Le rédacteur en chef français suspendu pour un titre lié à Macron
Le directeur d’un quotidien régional français a été suspendu après un titre en Une critiquant le président Emmanuel Macron, a annoncé la direction vendredi 22 mars, provoquant l’indignation de la rédaction.
Macron a lancé mardi une vaste opération contre le trafic de drogue dans la ville portuaire méridionale de Marseille et ailleurs. Suite à la visite de Macron à Marseille, La Provence Le quotidien a publié jeudi une première page montrant deux personnes observant une patrouille de police. Le titre qui l’accompagnait disait : « Il est parti, mais nous sommes toujours là. »
Sur la base de la première page, La ProvenceLe rédacteur en chef du journal, Aurlien Viers, a été suspendu pour une semaine, pour non-respect de ses « valeurs et de sa ligne éditoriale », a déclaré le directeur général du journal, Gabriel d’Harcourt. La citation et l’image en première page « pourraient amener les gens à croire que nous acceptons de donner une voix aux trafiquants de drogue afin qu’ils puissent se moquer de l’autorité publique », a écrit d’Harcourt dans un article « À nos lecteurs » publié vendredi.
Dans un article paru jeudi La Provence, la citation en première page était en réalité attribuée à un habitant d’un quartier pauvre de Marseille, du seul nom de Brahim.

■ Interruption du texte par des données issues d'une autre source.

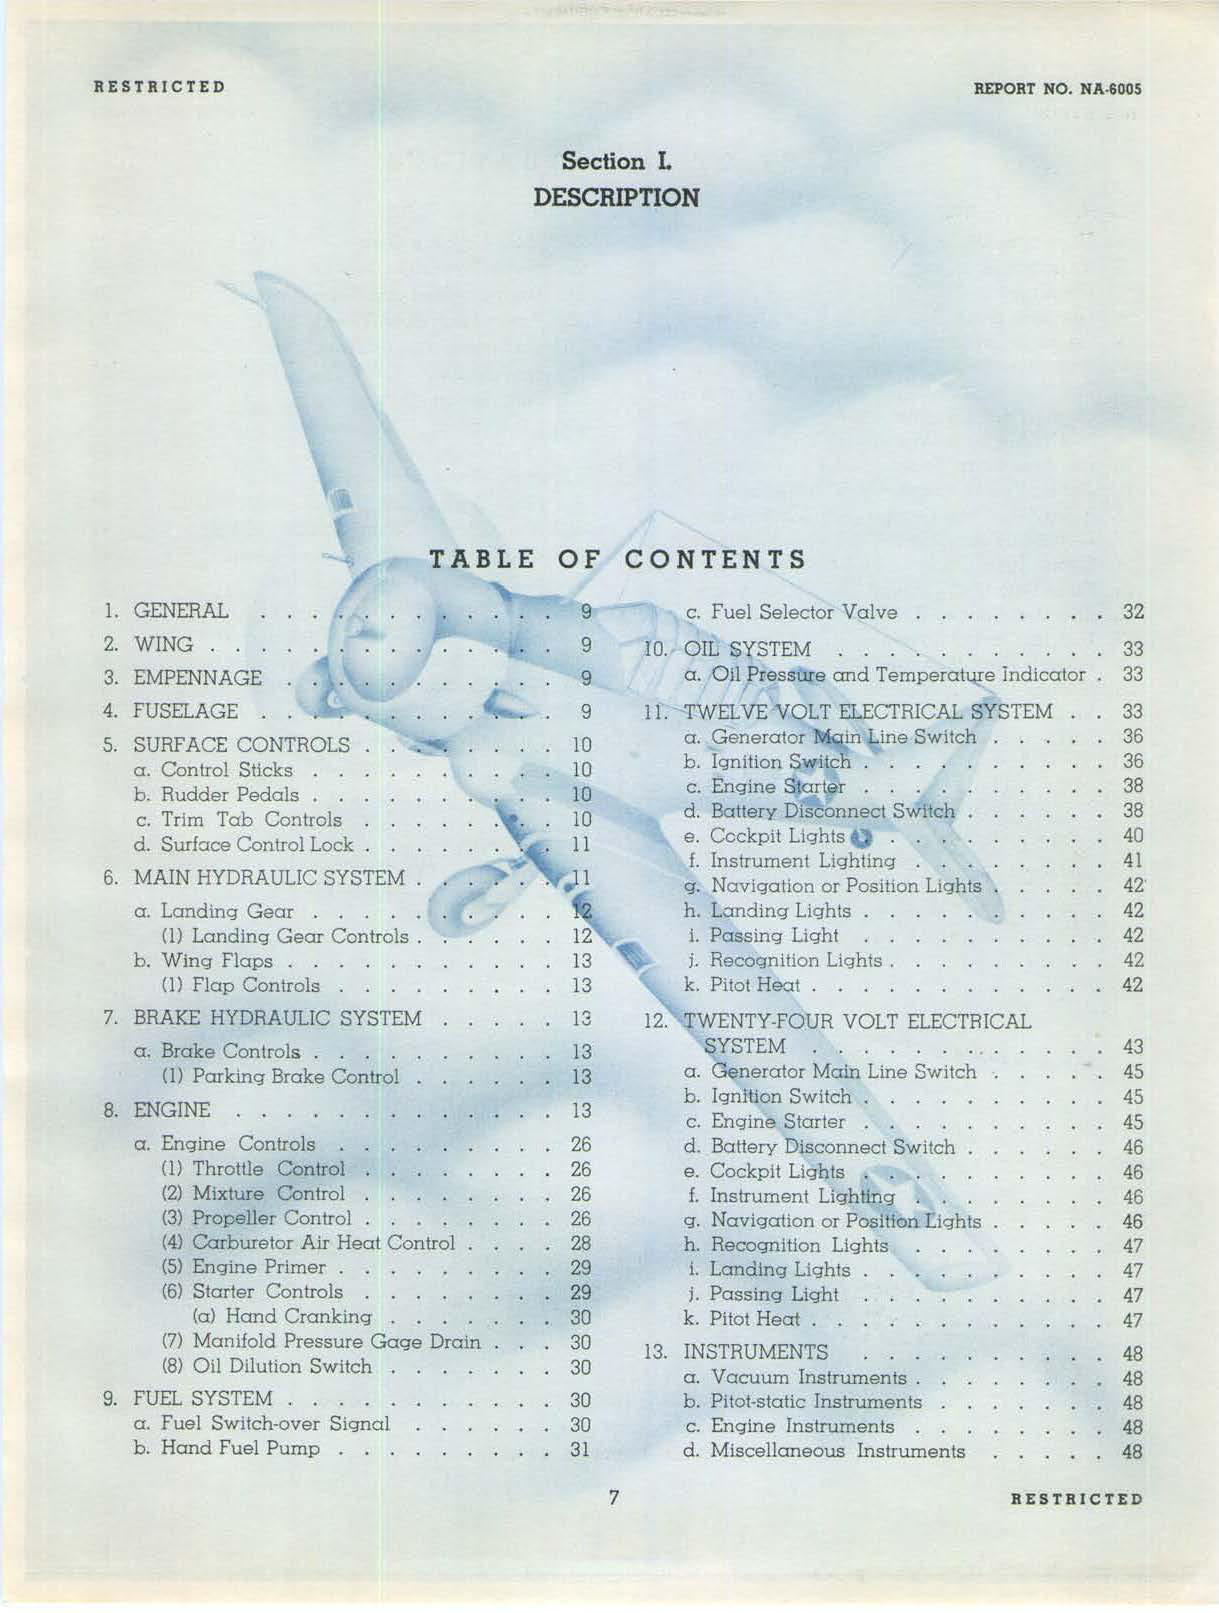 Sample page 8 from AirCorps Library document: Flight Operating Instructions for Texan Trainer -AT-6C, AT-6D, SNJ-4 and SNJ-5

Il a affirmé que la ville avait « trouvé les moyens nécessaires pour protéger le président lors de sa visite. Il est parti, mais nous sommes toujours là, dans le même enfer ».
« Ingérence éditoriale » : le syndicat
D’Harcourt a déclaré à l’Agence France-Presse (AFP) que la couverture de cette visite par son journal avait été « très bonne », à l’exception de la Une, « où on a l’impression que nous sommes les porte-parole des dealers ». La Une était « contraire à nos rôles et au rôle que nous voulons jouer à Marseille et dans sa région », a-t-il déclaré.
Le SNJ, principal syndicat de journalistes La Provence, a déclaré à l’AFP que les journalistes du journal étaient « scandalisés » par la suspension de Viers et a qualifié de « surréaliste » la justification de la suspension par d’Harcourt. L’assemblée générale de l’état-major a voté vendredi en faveur d’une grève de protestation. « Il s’agit d’un acte d’ingérence éditoriale inadmissible », a déclaré à l’AFP Audrey Letellier, représentante du SNJ.
La Provence, publié à Marseille, a un tirage quotidien d’environ 62 000 exemplaires. Il appartient à CMA CGM Medias, qui appartient à l’homme d’affaires milliardaire franco-libanais Rodolphe Saad. Saad, qui a d’autres intérêts médiatiques de premier plan, a annoncé ce mois-ci qu’il rachèterait également Altice Media, propriétaire des chaînes de télévision BFMTV et RMC.
Interrogé lors d’une réunion du personnel d’Altice s’il chercherait à censurer les informations défavorables concernant ses intérêts médiatiques, Saadé a répondu : « Je n’aimerais pas cela, et je le ferais savoir. » Mais, a ajouté le magnat des médias, « je n’interviendrais pas ».